If it doesn't work, then the problem is probably entirely in dom0 and
Fedora 25. Assuming you already have the testing 4.19 kernel, have you
thought of upgrading it to the even newer 5.x one as 'latest'? The
latest kernel is installed by specifying the special package named
'kernel-latest'.
On 7/25/19 11:04 AM, brend...@gmail.com wrote:
> I was able to install that particular test build on a Thinkpad X230 for
> testing: https://openqa.qubes-os.org/tests/3021
>
> (note: click on assets tab for link to download the ISO)
Interesting link!
Just to humor myself, I was going to try testing if I could hear sound
from Qubes after resume, but it seems audio isn't working at all. Which
is a whole 'nother problem. Aplay says "... unable to open slave; audio
open error: no such file or directory." `echo -e '\a'` doesn't work even
on a TTY (lsmod shows pcspkr), and `beep` isn't installed.
> I have a Thinkpad T495 with an AMD Ryzen Pro 3700U and Vega 10 graphics. Everything seems to be
> working besides suspend/resume which is crucial for me since I'm on the go a lot. I had to build my
> own Qubes R4.0 ISO to get the installer to work due to it needing a 5.0+ kernel for the graphics
> driver. I installed `kernel-latest` from qubes-dom0-current testing but still didn't work.
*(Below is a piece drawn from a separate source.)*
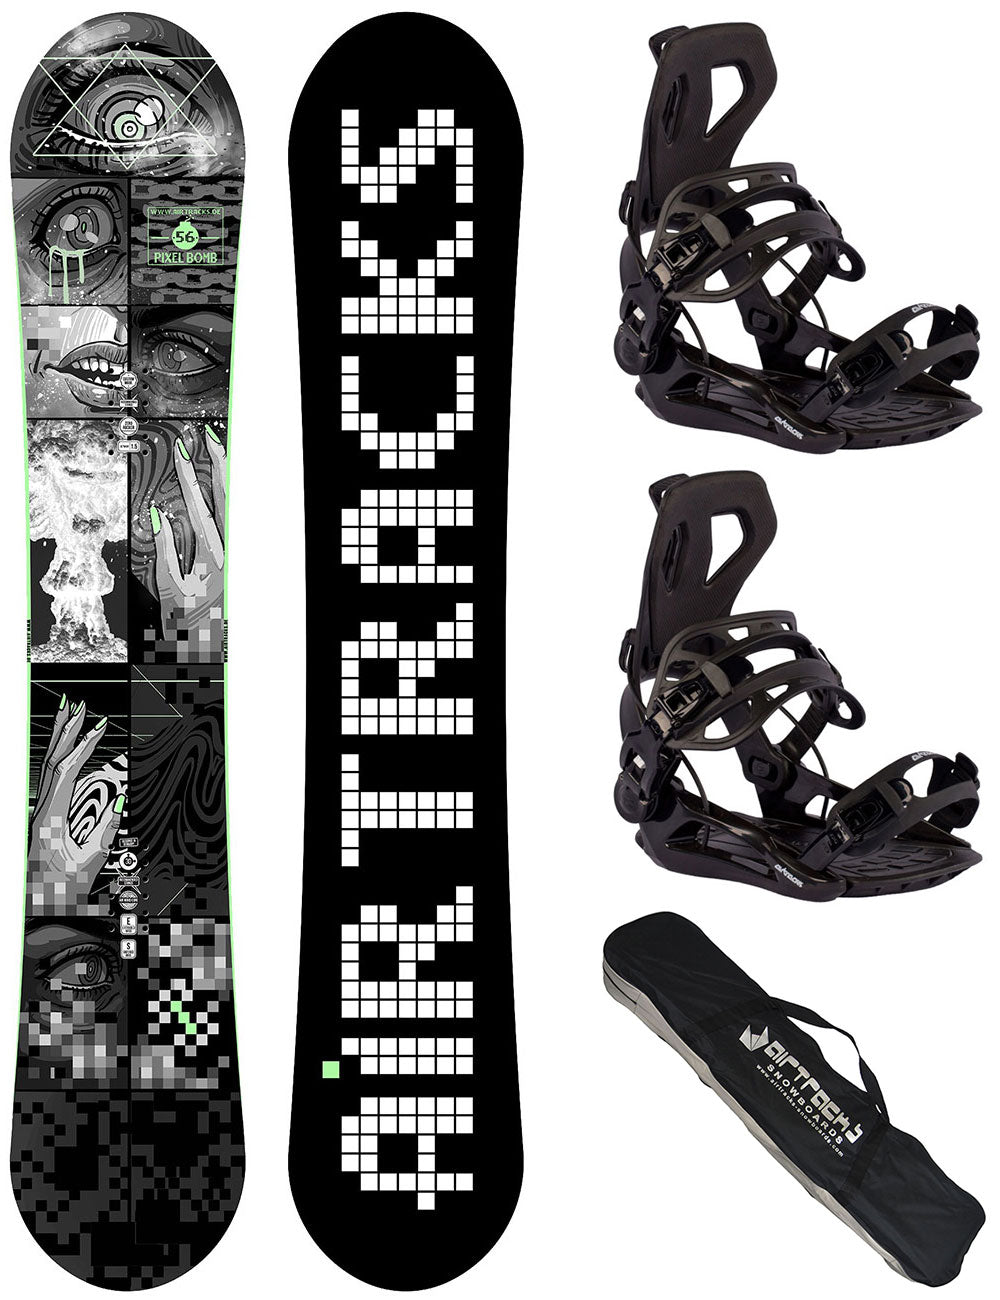 Herren Snowboardset Pixel Bomb Carbon Zero Rocker + Snowboard Bindung Master Pro + SB Bag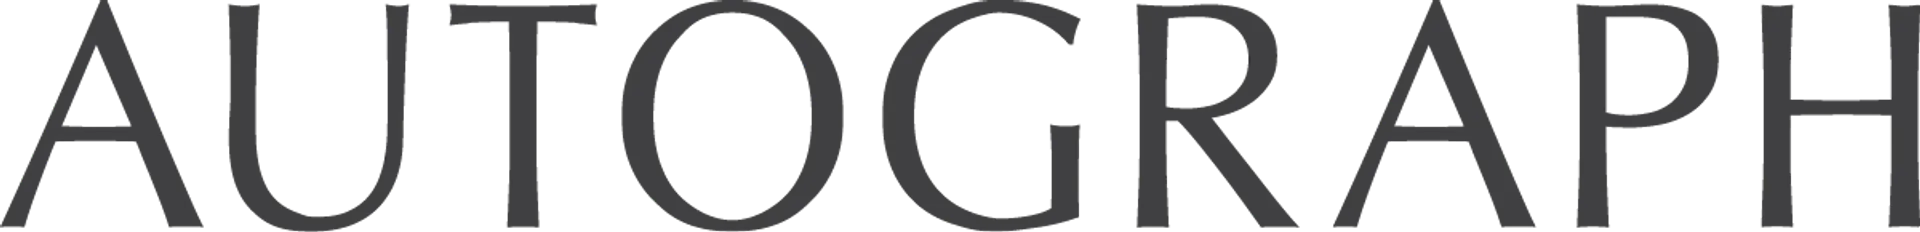 AUTOGRAPH logo of current flyer

After
> trying every kernel option on the face of this Earth I decided to use an experimental Qubes R4.1
> build as some things were pointing to dom0 Fedora 25 being the issue. On dom0 Fedora 31 it's still
> an issue with a 5.4 kernel. Has been driving me nuts as I've spent almost the whole day trying to
> figure the issue out.
>
> When I suspend, it clearly suspends but when I open it back up the screen is off but the power LED
> is on. I can hear the fan spin up for a bit but nothing happens. CTRL + ALT + Backspace does
> nothing. I also tried switching to text mode before suspending with CTRL + ALT + F2. Nothing... I
> also disabled the compositor in XFCE to give it a try in both R4.0 and R4.1, no difference. It
> totally seems like an X server or amdgpu issue but I really don't know what to do.
>
> I don't have any VMs running when I test the suspend and I don't have a sys-usb VM to take that out
> of the equation. Any ideas? I'm scratching my head over here and I'm at a loss on what to try next.
>
Did you try the Xen power.c patch?
It sounds like a Xen panic. Some or all AMD Fam15h processors change their CPUID feature bits after resume, which triggers a Xen panic (LEDs and fans on, screen off, keyboard and power button unresponsive). There is a patch and instructions towards the end of this thread: https://www.mail-archive.com/qubes...@googlegroups.com/msg31517.html - It takes some work but it sounds very likely it will fix your problem. Sys-usb causes other problems on a lot of Ryzen machines, so continue to keep it disabled for now.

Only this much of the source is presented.